In the study by Lorentz et al.⁴⁴, patients with antiplatelet therapy were excluded and all included patients received heparin-free dialysis sessions.

Risk of Bias

We judged the study by Lorentz et al.⁴⁴ to be at high risk of bias based on measurement of the outcome. Therefore, we conducted a sensitivity analysis excluding this study. Further, we deemed 3 of the included studies to be at some risk of bias based on application of naïve per-protocol analyses and/or measurement of the outcome.⁴⁵^,⁴⁶^,⁴⁸ Because the results of the EMERALD study were only published on ClinicalTrials.gov, limiting the available information, we only included the 4 fully published reports in our meta-analysis. We then conducted a sensitivity analysis that included data from the EMERALD study. The detailed risk of bias assessment is presented in Supplementary Table S6.

Primary Outcomes

All included studies reported clinically relevant bleeding episodes, whereas only 2 fully published reports and the EMERALD study reported thromboembolic events. The definition of clinically relevant bleeding and thromboembolic events per study is outlined in Supplementary Table S7.

Use of FXI/XIa inhibitors was associated with an OR of 0.80 (95% CI = 0.47–1.35) for clinically relevant bleeding compared to placebo (Figure 2). Notably, in the study by Lorentz et al.,⁴⁴ 1 bleeding event in the intervention arm was reported to have occurred after 32 days even though the follow-up time was limited to 21 days. Use of FXI/XIa inhibitors was associated with an OR of 0.66 (95% CI = 0.28–1.56) for thromboembolic events (Figure 3). Excluding the study with high risk of bias did not considerably change the results (Supplementary Figure S1). In a sensitivity analysis including data from the EMERALD study, the results remained largely unchanged (Supplementary Figure S2). Because thromboembolic events were not defined as a composite outcome in the EMERALD study, the definitions used in the CONVERT and RE-THINC studies were applied for this analysis (Supplementary Table S7). When comparing the highest dosing of FXI/XIa inhibitor per study to placebo, the ORs for clinically relevant bleeding and thromboembolic events were similar to the main analysis (Supplementary Figure S3).

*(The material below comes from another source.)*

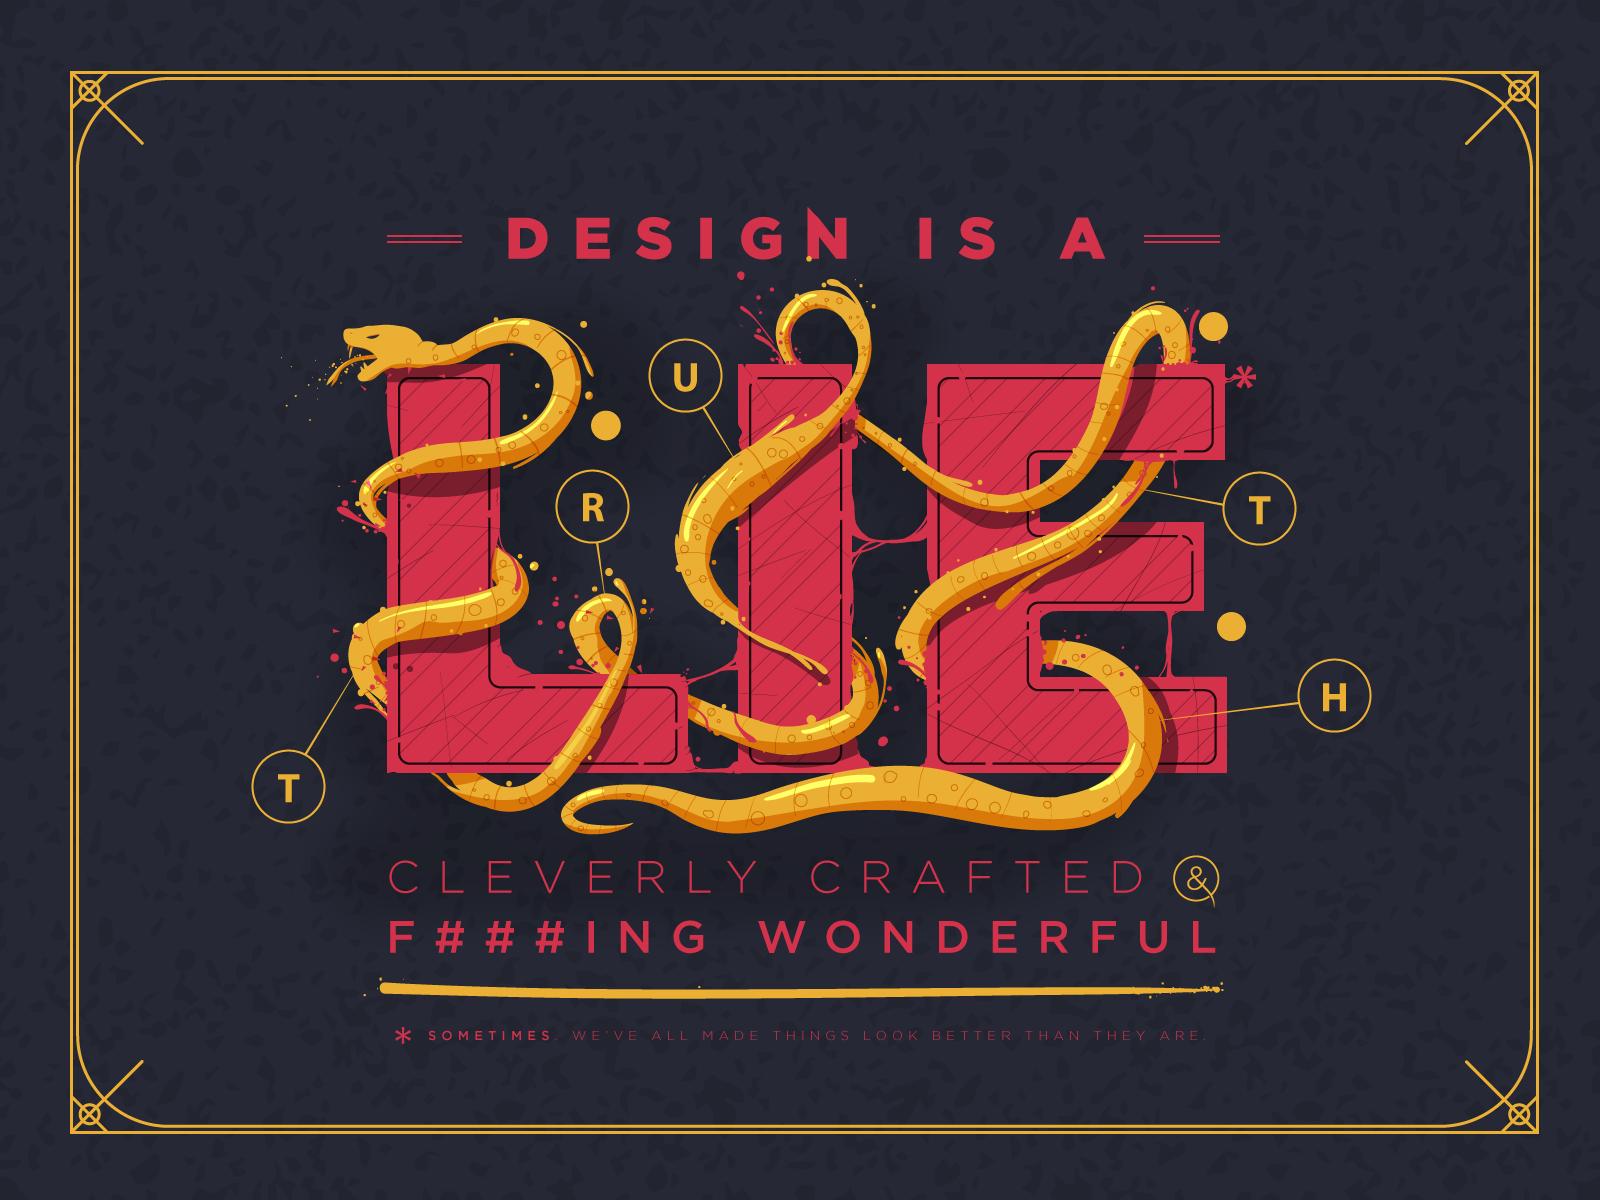 Design is a lie

Forest plot for clinically relevant bleeding events. CI, confidence interval; CRB, clinically relevant bleeding; RE, random effects.

Forest plot for thromboembolic events. CI, confidence interval; RE, random effects; TE, thromboembolic.

Secondary Outcomes

All included studies reported all-cause mortality, whereas only the fully published studies reported rates of major bleeding and clinically relevant nonmajor bleeding. The definition of major bleeding and clinically relevant nonmajor bleeding per study is described in Supplementary Table S7.

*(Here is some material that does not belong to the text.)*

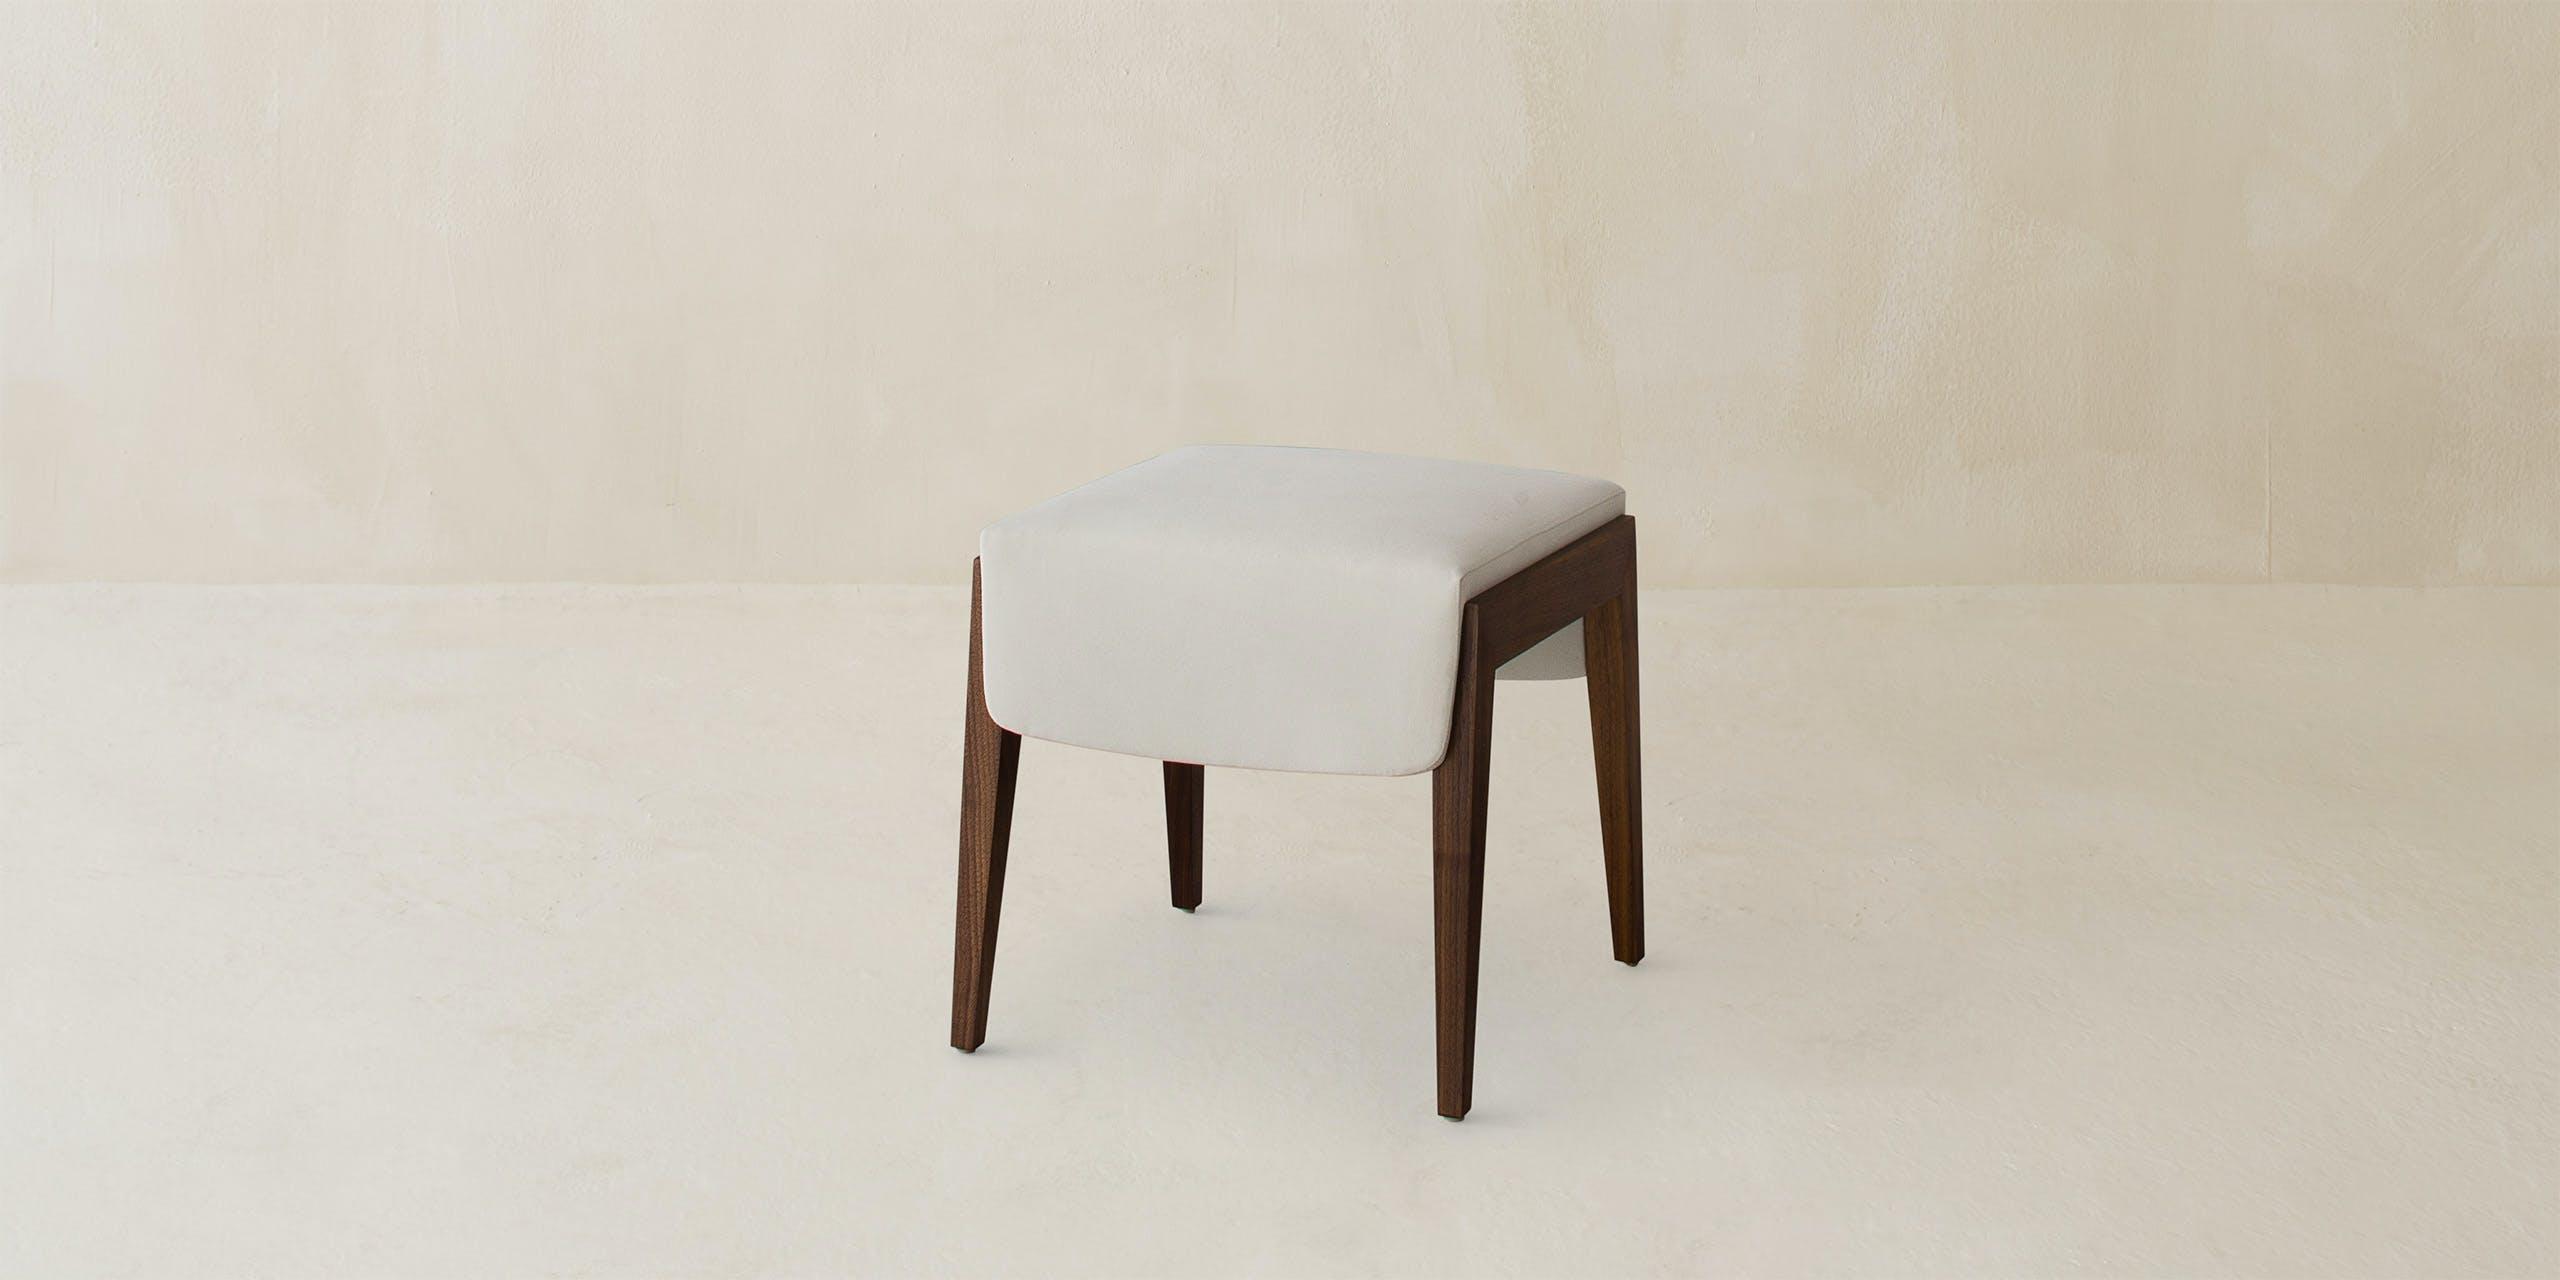 Trilby stool main.jpg?ixlib=rails 2.1

Use of FXI/XIa inhibitors was associated with an OR of 0.51 (95% CI = 0.21–1.28) for major bleeding and 0.90 (95% CI = 0.49–1.68) for clinically relevant nonmajor bleeding (Figure 4). The respective OR for all-cause mortality was 0.46 (95% CI = 0.15–1.40) (Figure 5). When we excluded the study with high risk of bias, the results were largely unchanged (Supplementary Figures S4 and S5). Similarly, a sensitivity analysis including all-cause mortality rates from the EMERALD study showed comparable point estimates and CIs (Supplementary Figure S6). When comparing the highest dosing groups of FXI/XIa inhibitor per study to placebo, the results were similar to the main analysis, but with considerably increased uncertainty (Supplementary Figures S7 and S8).

Forest plots for major bleeding and clinically relevant nonmajor bleeding events. CI, confidence interval; CRNMB, clinically relevant nonmajor bleeding; MB, major bleeding; RE, random effects.

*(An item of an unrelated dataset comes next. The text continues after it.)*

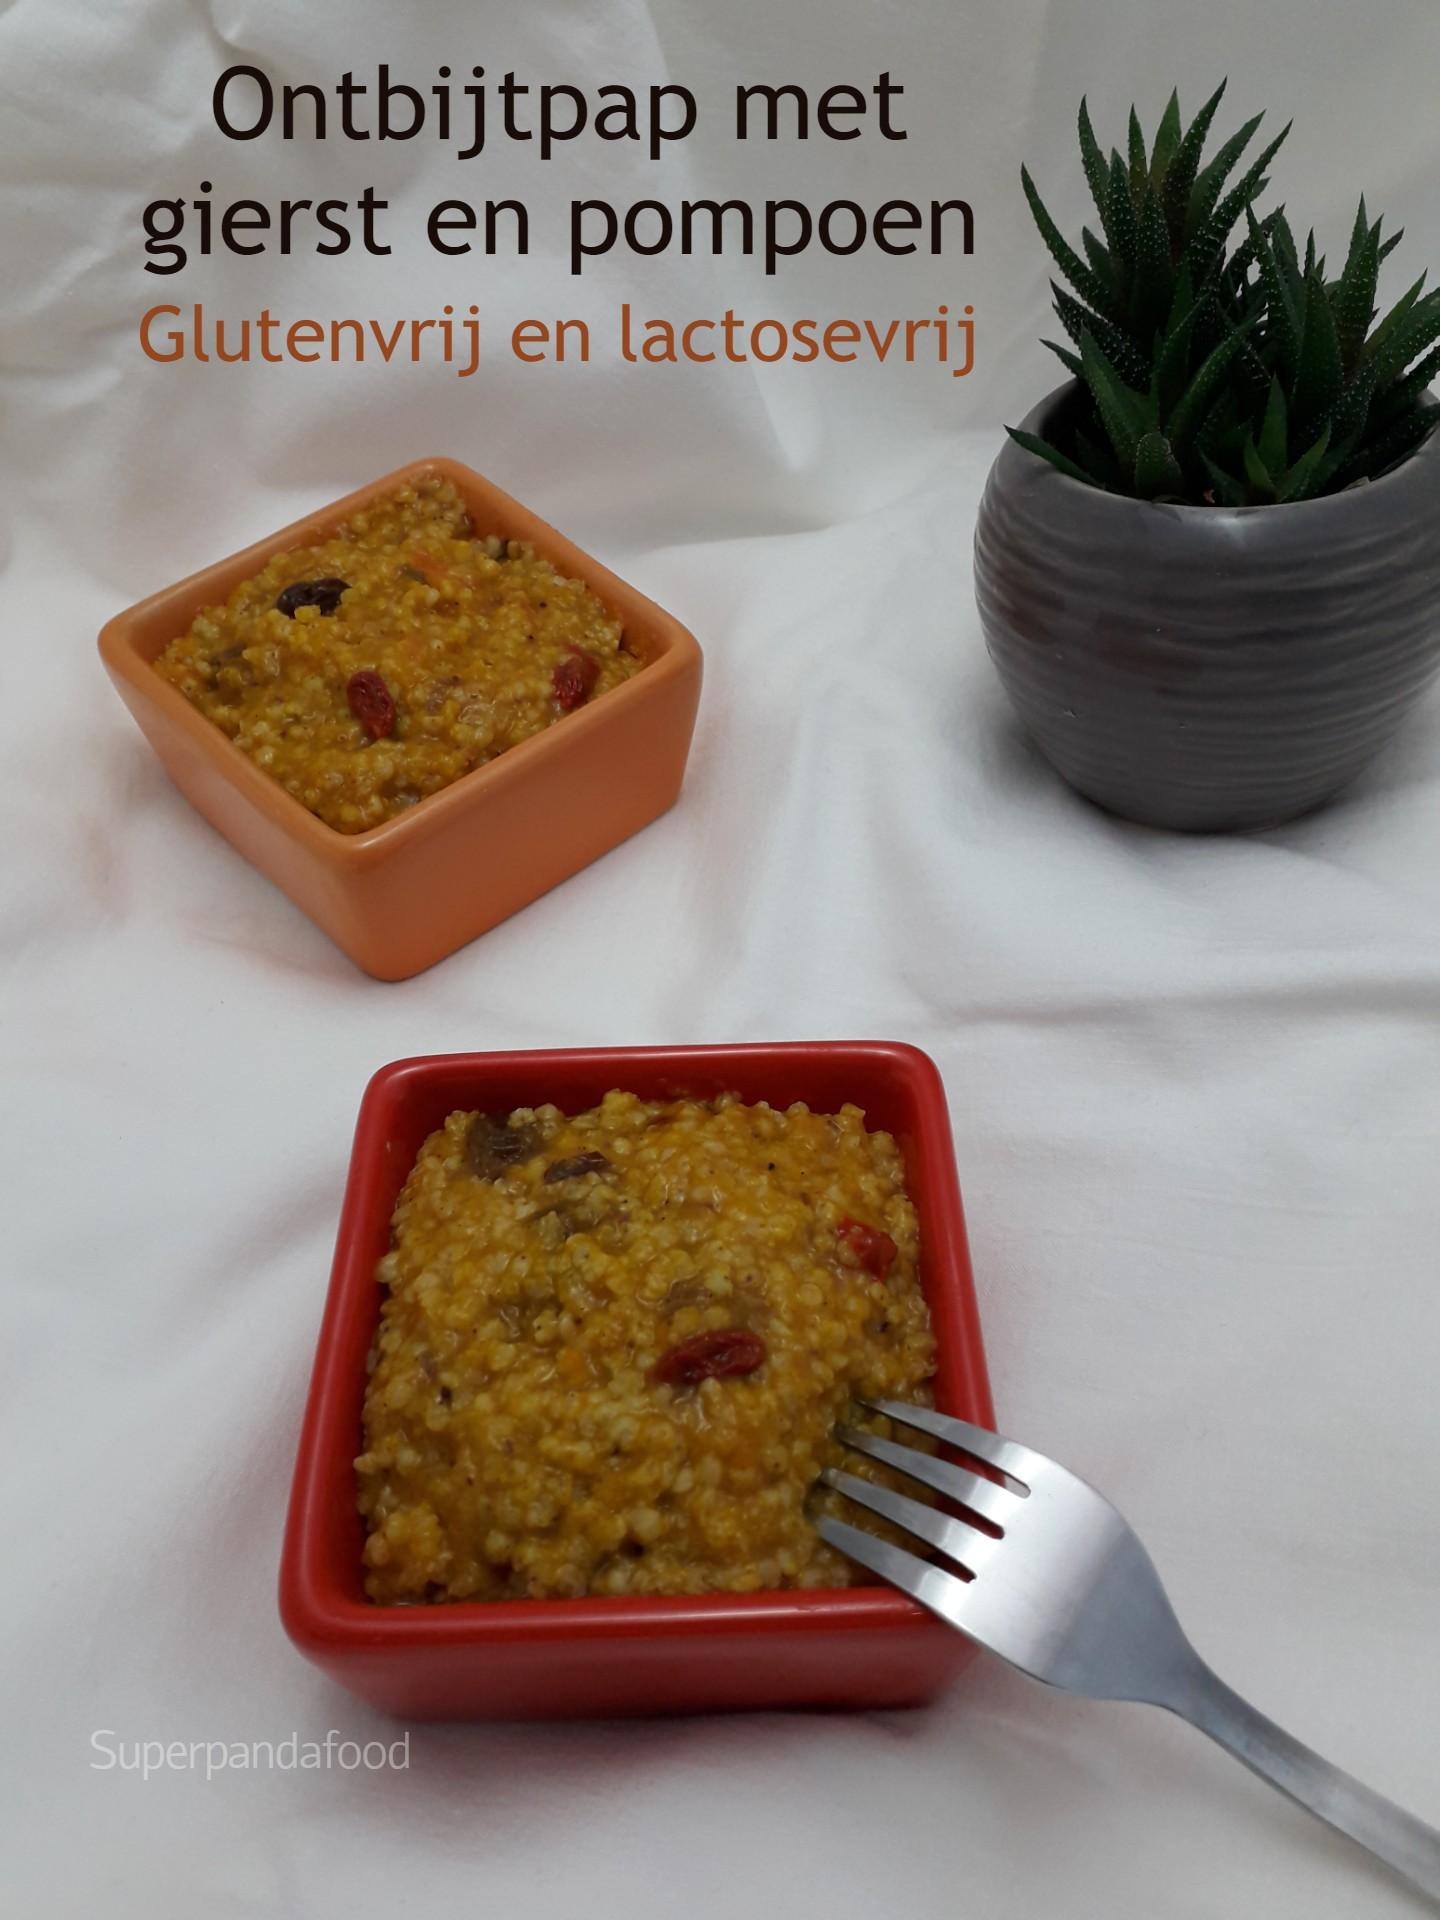 Ontbijtpap met gierst, pompoen en gojibessen - glutenvrij en lactosevrij recept - Superpandafood

Forest plot for all-cause mortality. CI, confidence interval; RE, random effects.

Discussion

In this systematic review and meta-analysis, we provide a summary of available randomized controlled trials investigating FXI/XIa inhibitors in patients with ESKD on HD for the prevention of thromboembolic events. We identified 4 fully published reports and 1 completed study with results posted on ClinicalTrials.gov, all phase 2 trials. Based on compiling the available evidence, the use of FXI/XIa inhibitors was not significantly associated with an increase or decrease in bleeding events, thromboembolic events, or mortality, with a large uncertainty in the estimates.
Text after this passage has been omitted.